Italian journalist and television host (born 1963)

Antonella Clerici (/it/; born 6 December 1963) is an Italian television host and journalist, best known for her longtime activity as a cooking show presenter. She was the fourth woman to present Sanremo Music Festival (2010), after Loretta Goggi (1986), Raffaella Carrà (2001) and Simona Ventura (2004).

==Biography==

She graduated in law, cum Laude, at the University of Milan. She debuted in 1985 on Telereporter as a TV announcer. In 1987, she switched to Rai 2 where she presented Semaforo giallo, Oggi sport and later two popular sports programmes, Dribbling and Domenica Sprint. During the same years, she also presented Ristorante Italia and Segreti per voi. Later she hosted Forza Italia on Odeon TV with Fabio Fazio and Walter Zenga.

Clerici returned to Rai 2 in 1995 with another show about football, Telegoal. From 1996 to 1998, she was one of the presenters of Unomattina, a daily Rai 1 morning show, and she followed the 1998 FIFA World Cup with the depth programme Occhio al mondiale, with Giorgio Tosatti and Gian Piero Galeazzi.

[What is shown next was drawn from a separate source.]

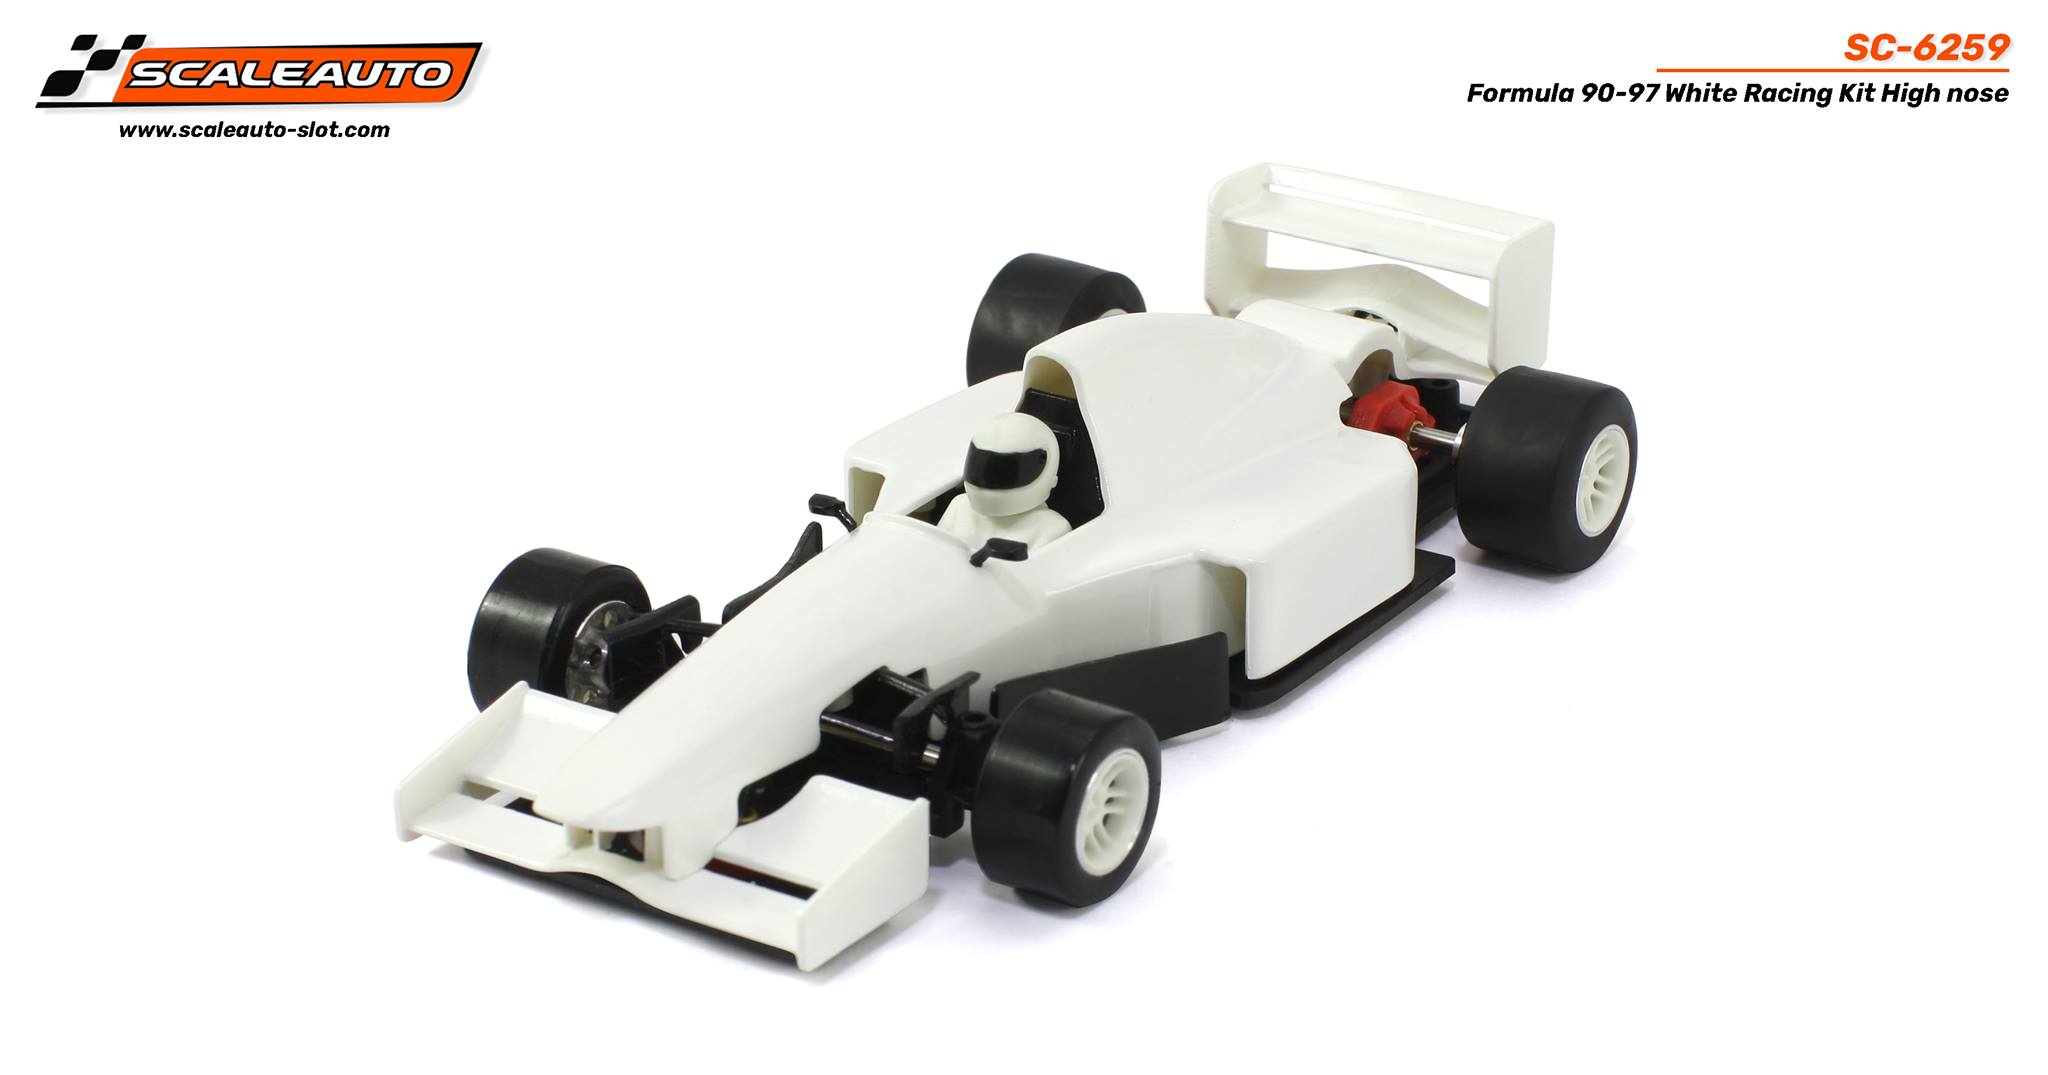 SC-6259 Formula 90-97 High Nose White kit car

In 1999/2000, she switched to Mediaset where she hosted Ma quanto costa?, aired by Retequattro. She also hosted the daily programme Telegatti Story and the morning show A tu per tu, aired by Canale 5, along with Maria Teresa Ruta.

In 2000, she returned to RAI and began hosting La prova del cuoco, the Italian version of Ready Steady Cook. She successfully hosted until 2008, when she took a leave of absence to give birth to her first child.

During the 2000s (decade) she has also hosted other programmes for Rai 1, including Campioni per sempre: Galà dello Sport 2000, the Sunday show Domenica in, Adesso sposami, Il ristorante, Il treno dei desideri, Affari tuoi, Ti lascio una canzone and Tutti pazzi per la tele.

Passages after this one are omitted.